* Provided data:
=== Section Start ===

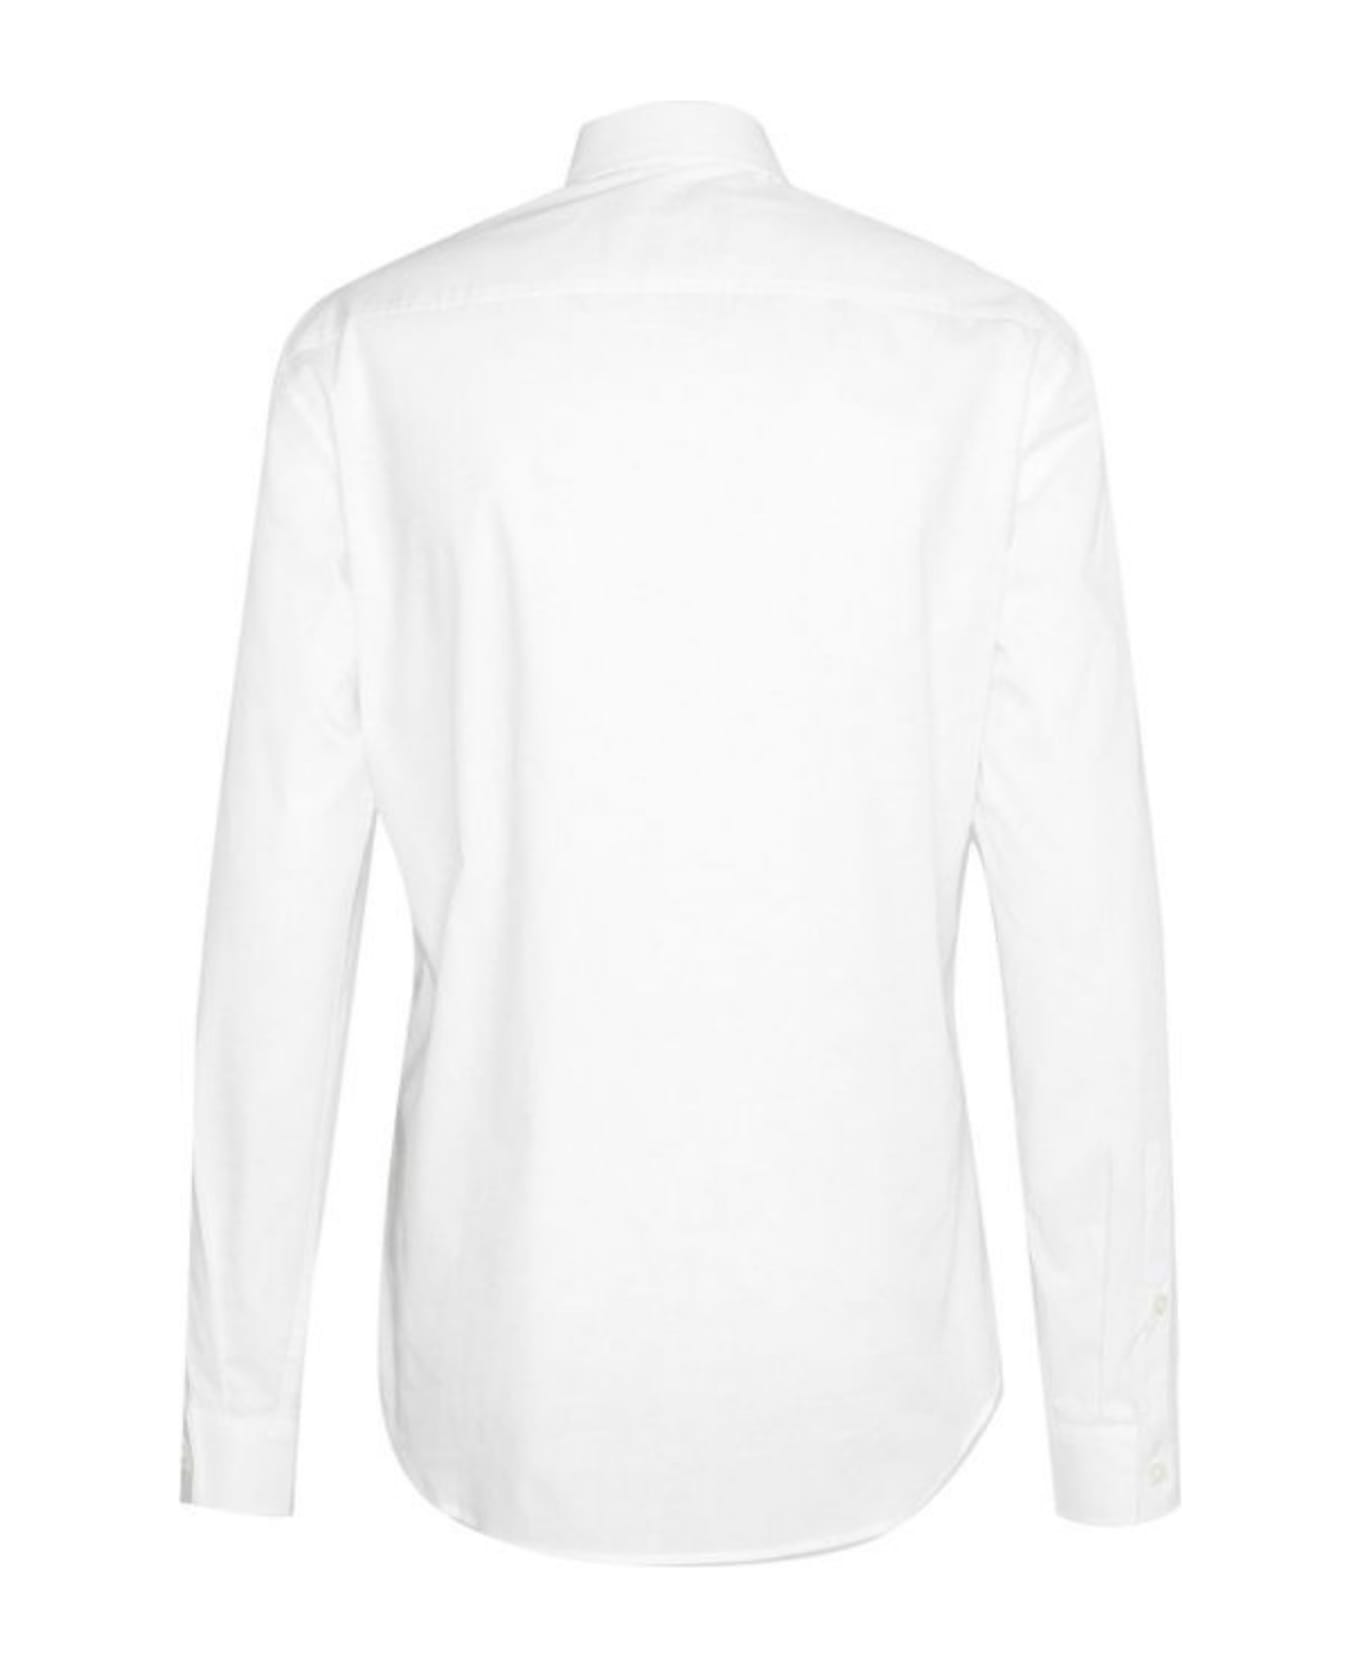 Just Cavalli Shirts White - White シャツ
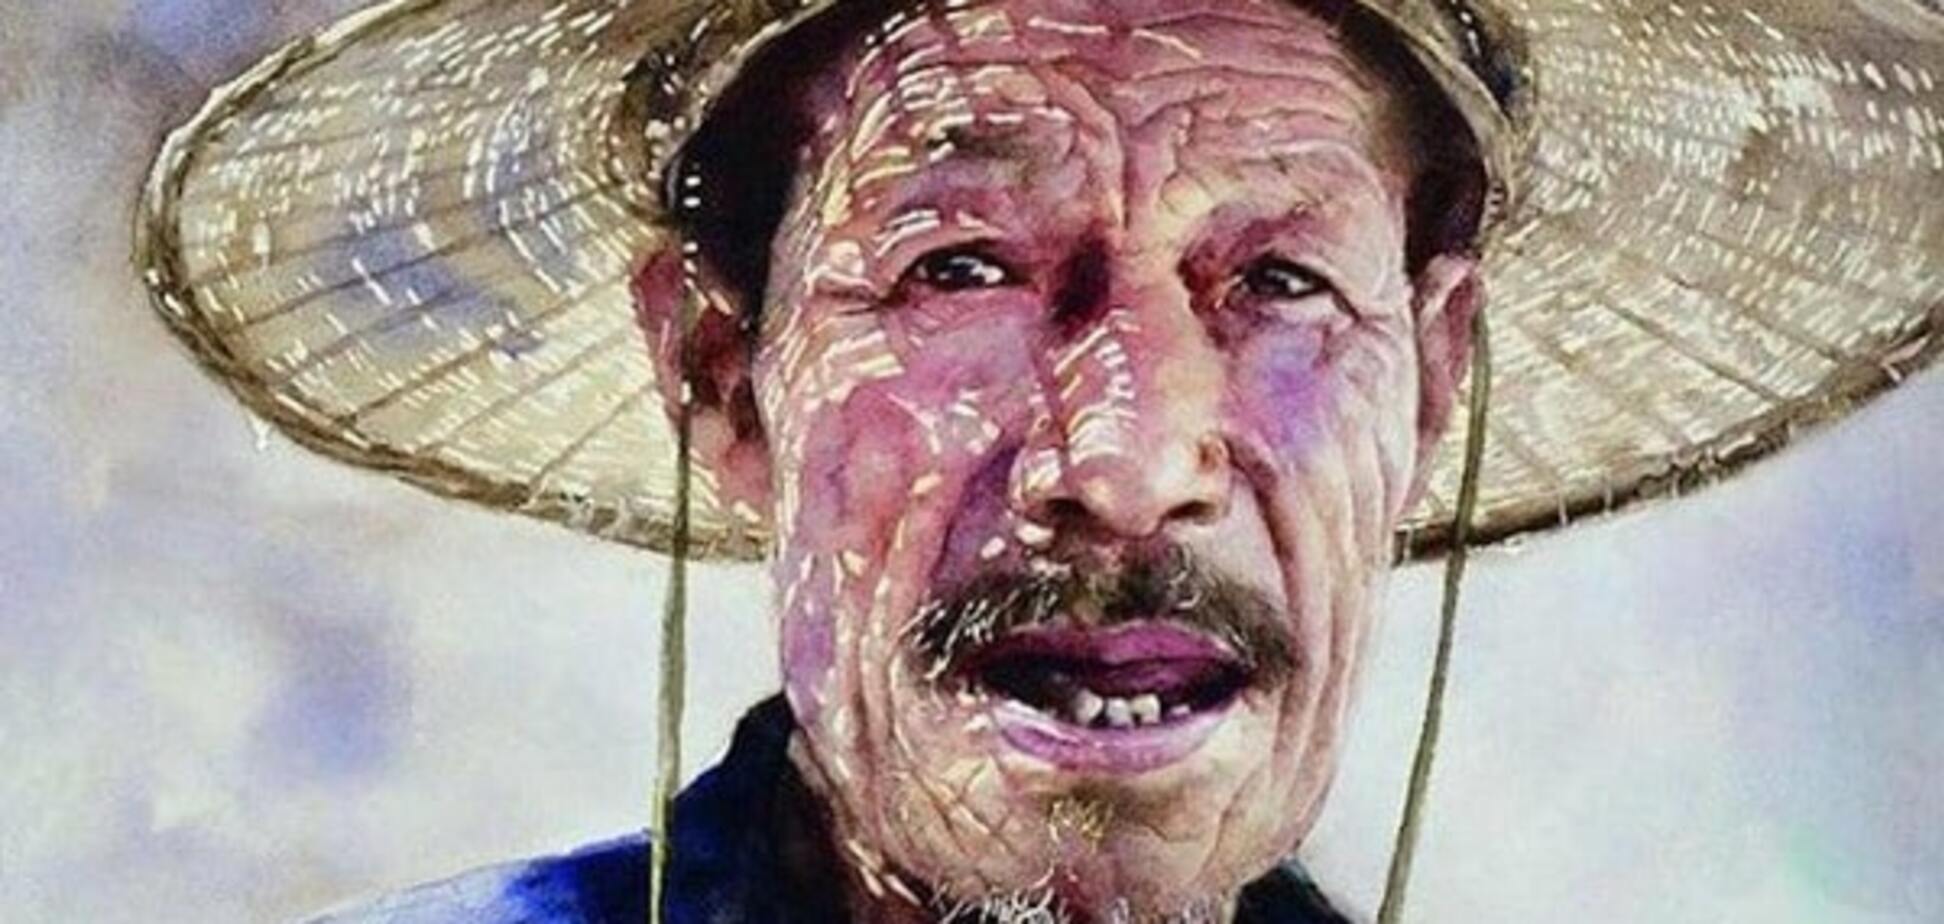 Жители Тибета: сеть покорили картины китайского художника, рисующего акварелью
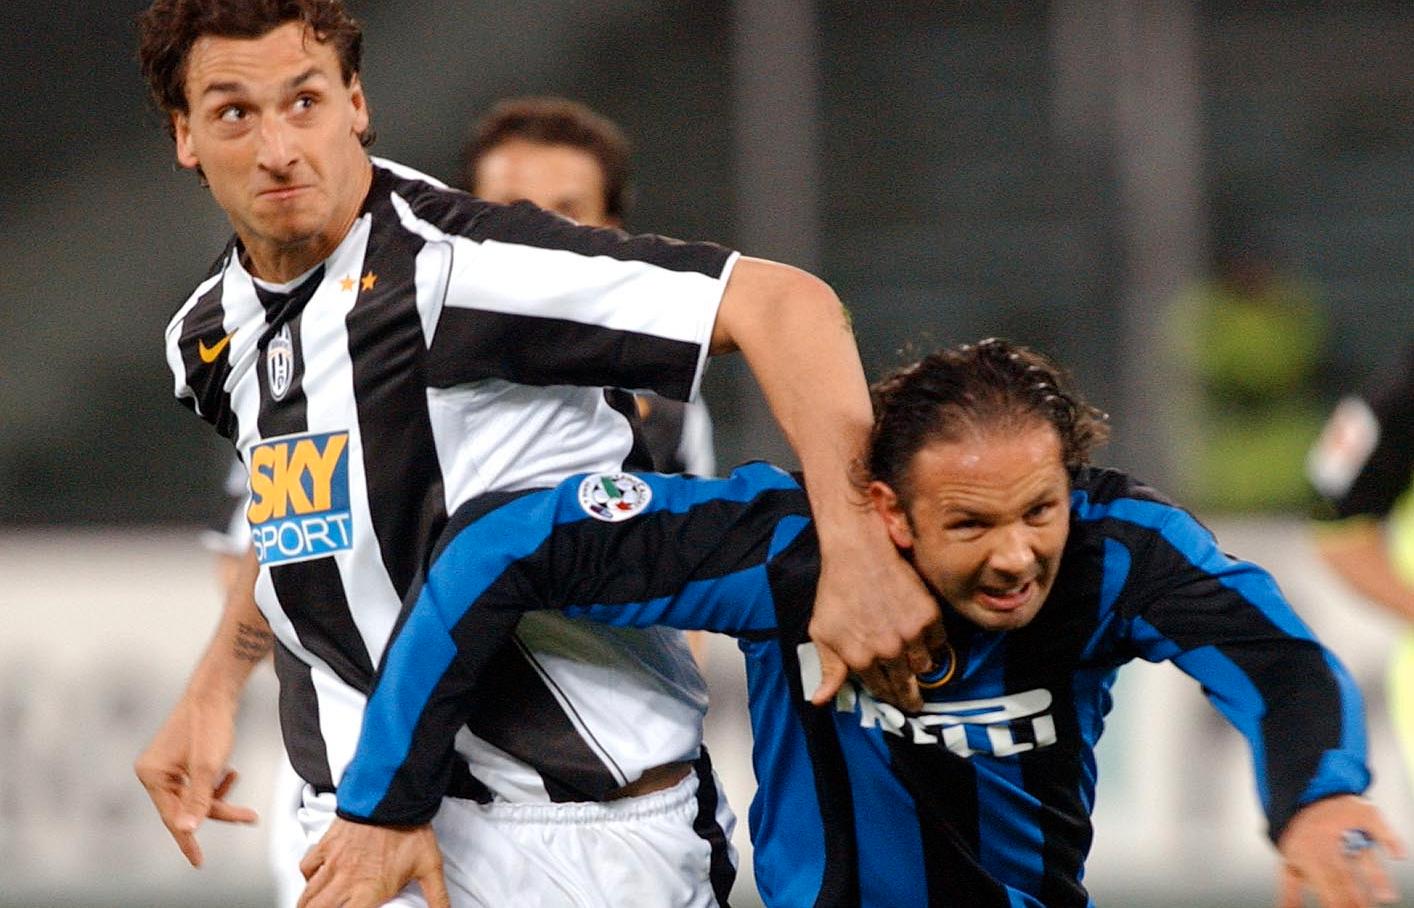 Zlatan i kamp med Sinisa Mihajlovic, då i Inter, år 2005.

=== Section End ===

* What you will do: Please give the data again unaltered, leaving out any images.

* Solution to this problem:
 Just Cavalli Shirts White - White シャツ
 Жители Тибета: сеть покорили картины китайского художника, рисующего акварелью
 Zlatan i kamp med Sinisa Mihajlovic, då i Inter, år 2005.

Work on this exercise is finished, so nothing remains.